What do you guys do to get ready for the summer?

I have finally got my have my process down.

I spend a few weeks doing mower maintenance, belts, oils, sharpening a few sets of blades, greasing, plugs etc. Then I mow. Short as possible, manure and all. It can be rough around feed and trough areas. And in the low spots that arent frozen. I try to mow before the first shoots of spring.

I found a fella that had a couple sections of an old rotary hoe rigged up to tow that I bought. I can add weight to the top with cinder blocks. Then I added a section of cyclone fencing about 12' long behind that.

After mowing I rotary hoe/drag the hell out of the pasture. That sure cleans, levels, and drags everything smooth.
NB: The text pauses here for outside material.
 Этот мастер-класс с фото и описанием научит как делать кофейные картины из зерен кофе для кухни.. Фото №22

I didnt have any cattle last spring and it seemed I was just filling in the ruts from previous yrs cattle. I threw out some seed in those areas around the hay feeders and by July it seemed to green up better. Aside from broom grass I am fairly weed free. I try not to use chemicals since I am basically eating what they eat. I dig thistle up by hand. The spiny amaranth is getting rough around my barn though.

I dont have much equipment for tillers, mulchers and plows, but was wondering what you guys do on a yearly basis for your grass pastures.


----------



## BWfarms (Aug 3, 2015)

Depends on my goals. I focus on growing the desirables and rotational grazing multiple pastures. There is no need to do annual pasture renovations if you maintain the pastures the right way. Don't overgraze and have a designated dry lot for use as a feed lot.
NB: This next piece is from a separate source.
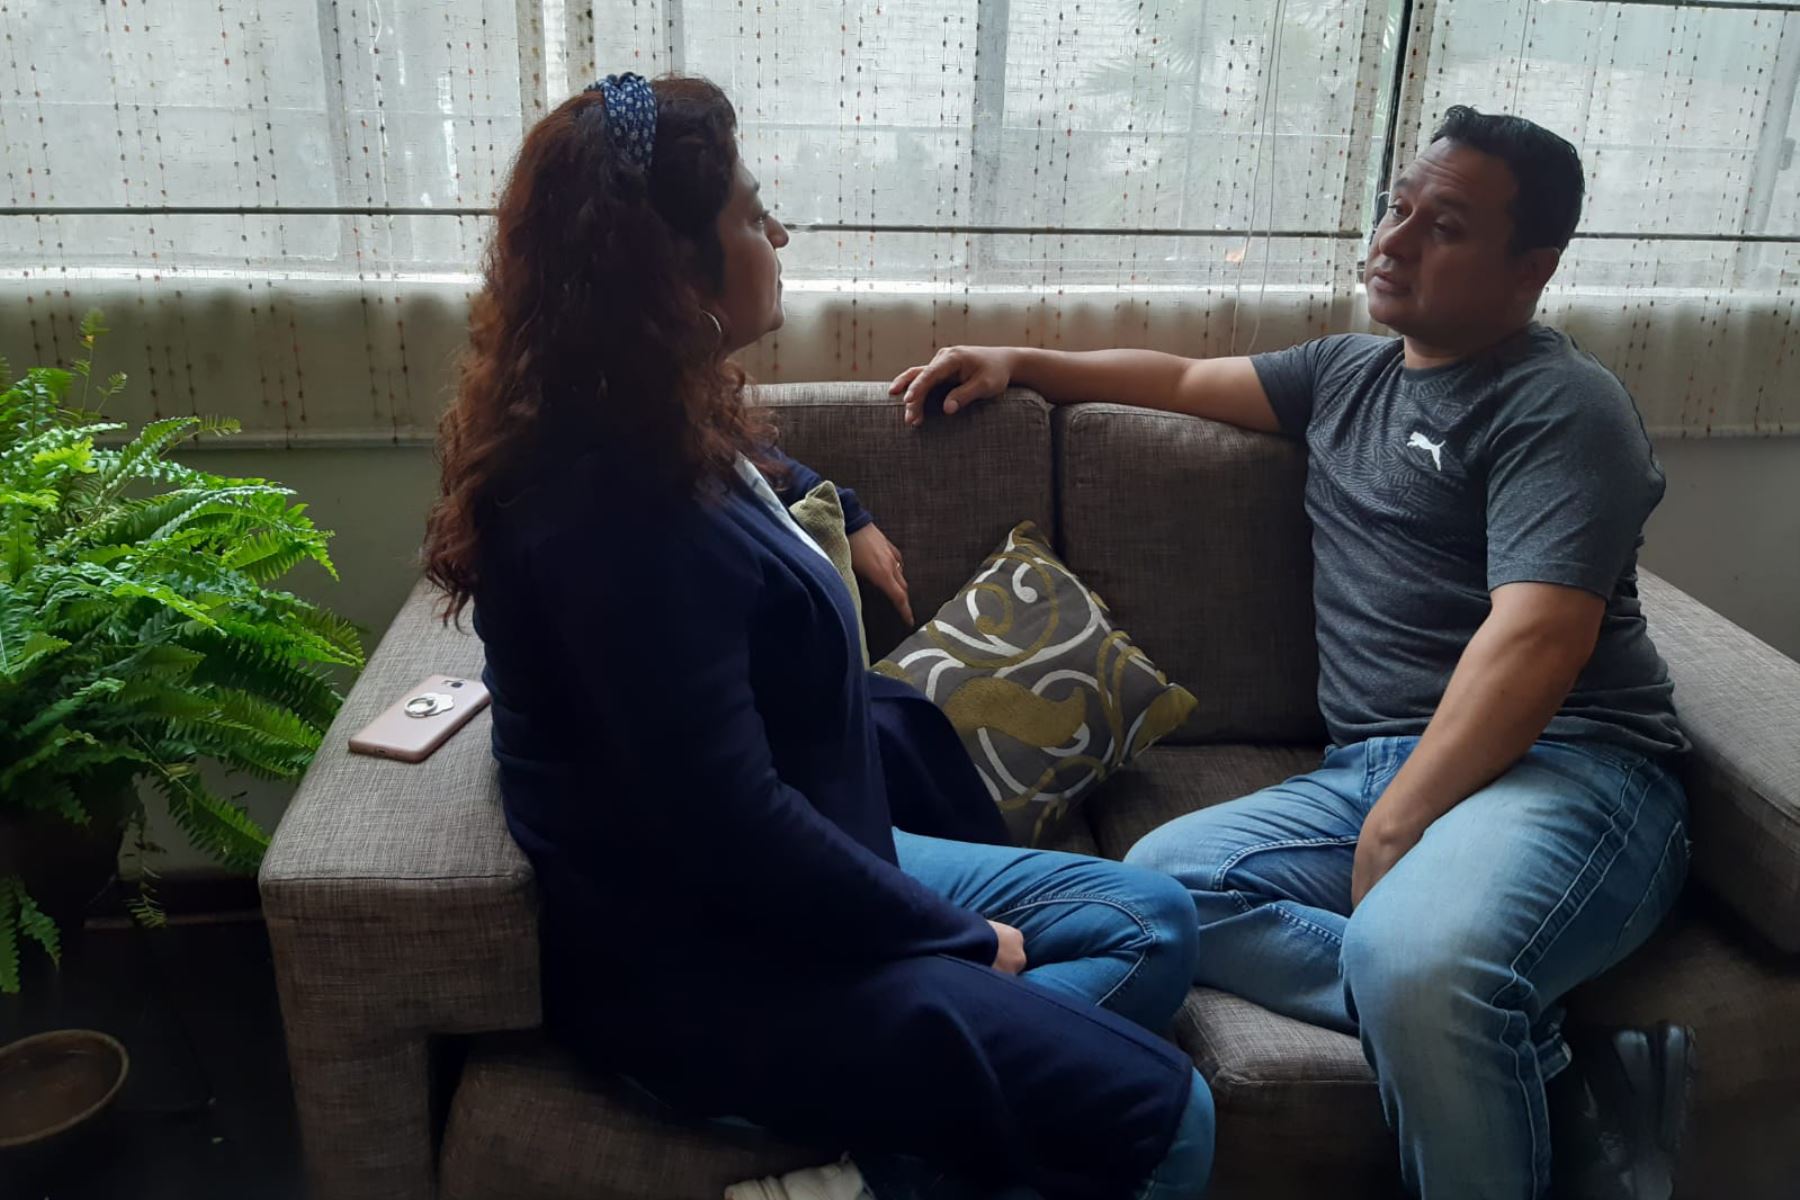 Especialistas recomiendan a las parejas expresar sus emociones de manera asertiva y realizar deporte juntos para consolidar su relación.  ANDINA/ Andina

I try not to fertilize pastures at spring green up (Feb-Mar) unless I need grass due to low hay on hand. Grass like fescue can cause tetany issues because of the rapid growth, always have mineral out for the herd. I mow excess pasture for hay and top dress as needed before the dry stretch of summer hits. I stock my pastures appropriately and reduce weed pressure to minimize mechanical mowing. There will be times there are stems because cows can't keep up and I clip the pasture with a rotary mower at the highest setting possible.
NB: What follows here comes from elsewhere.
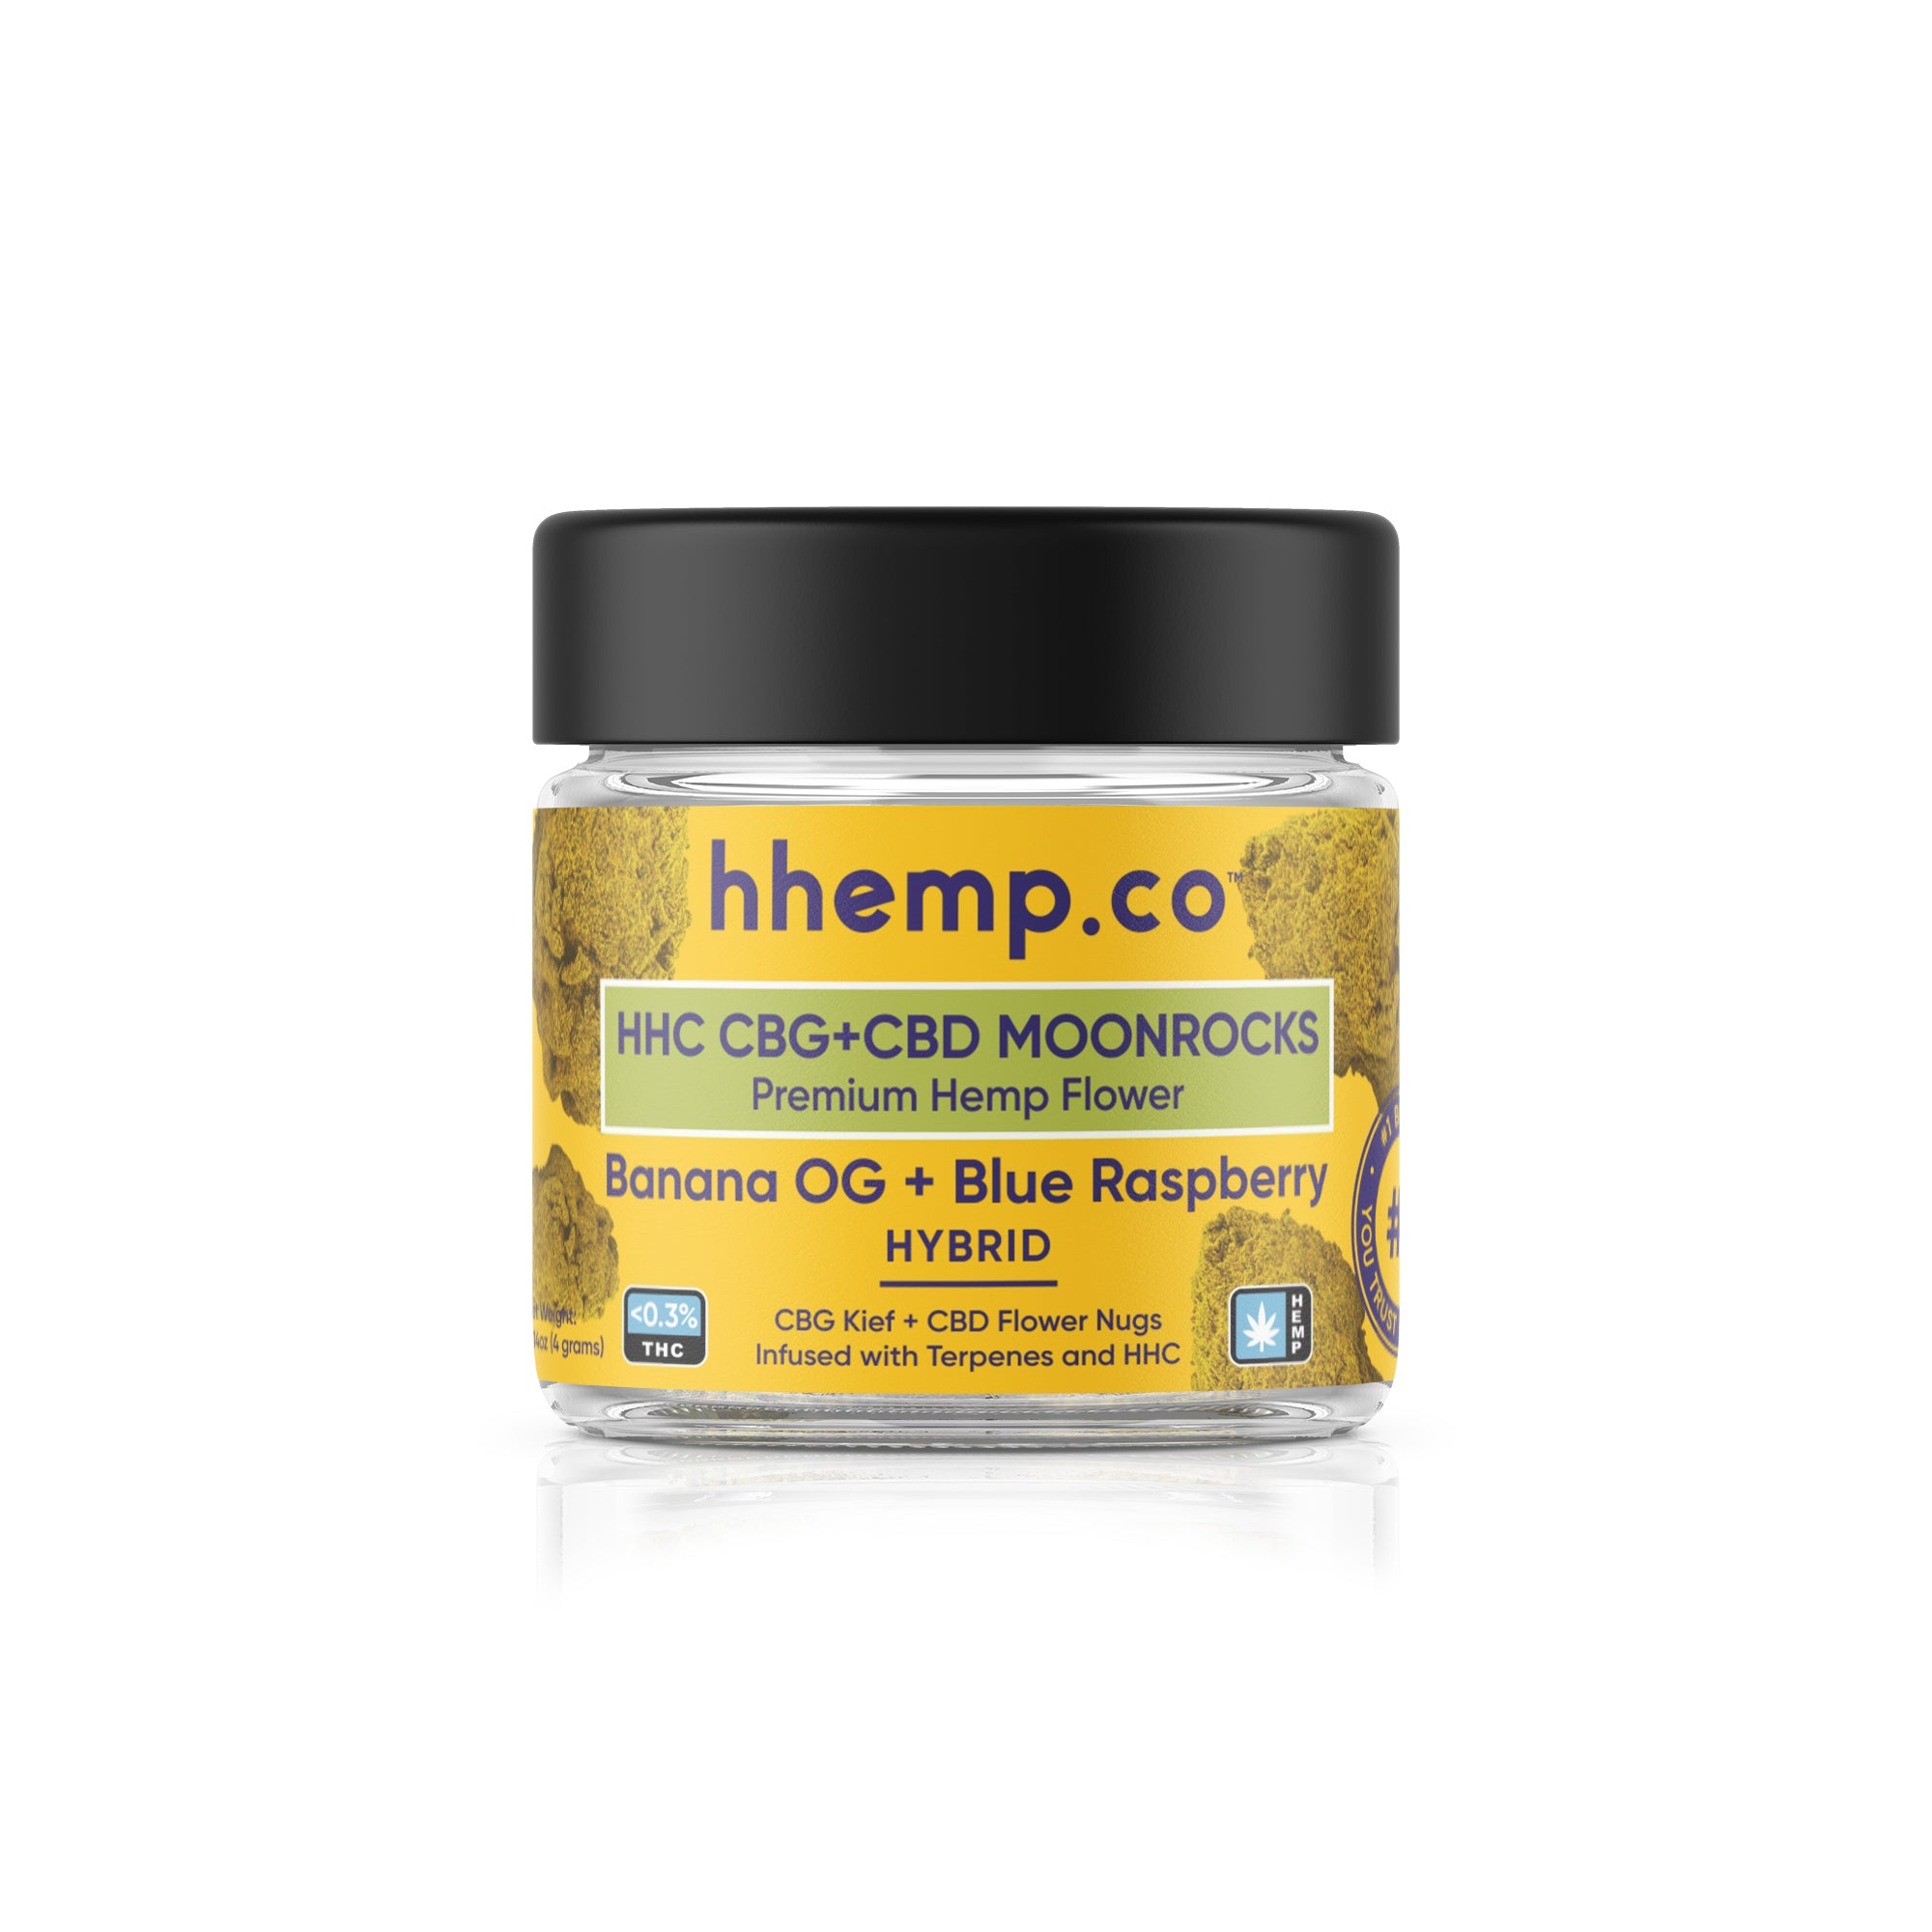 hhemp.co HHC Moonrock Flower - Banana OG+Blue Raspberry (Hybrid)

Take it easy on the anti spraying, I spray and eat the very animals I raise. I've staked my reputation labeling my beef with my name on it. I also trust what Product Safety says about the chemicals I use.


----------



## Tx Jim (Jun 30, 2014)

Cult45

IMHO having pulled a rotary hoe in my youth over ""cultivated soil"" to uproot small weeds/grass & sometimes break cultivated soil up after a hard/packing rain so planted seeds can emerge I doubt a rotary hoe will penetrate very deep on pasture even with a lot of added weight.


----------



## Ray 54 (Aug 2, 2014)

Do my best to not overgraze,pray for timely rains in the grass growing part of the year. And for no rain in the other part of the year to keep what is there as dry feed good.

Way different type country than yours Cult 45. Takes 10 to 50 acres to keep a cow for a year,average 20 inches of rain a year. Hopeful it comes from Oct to April.


----------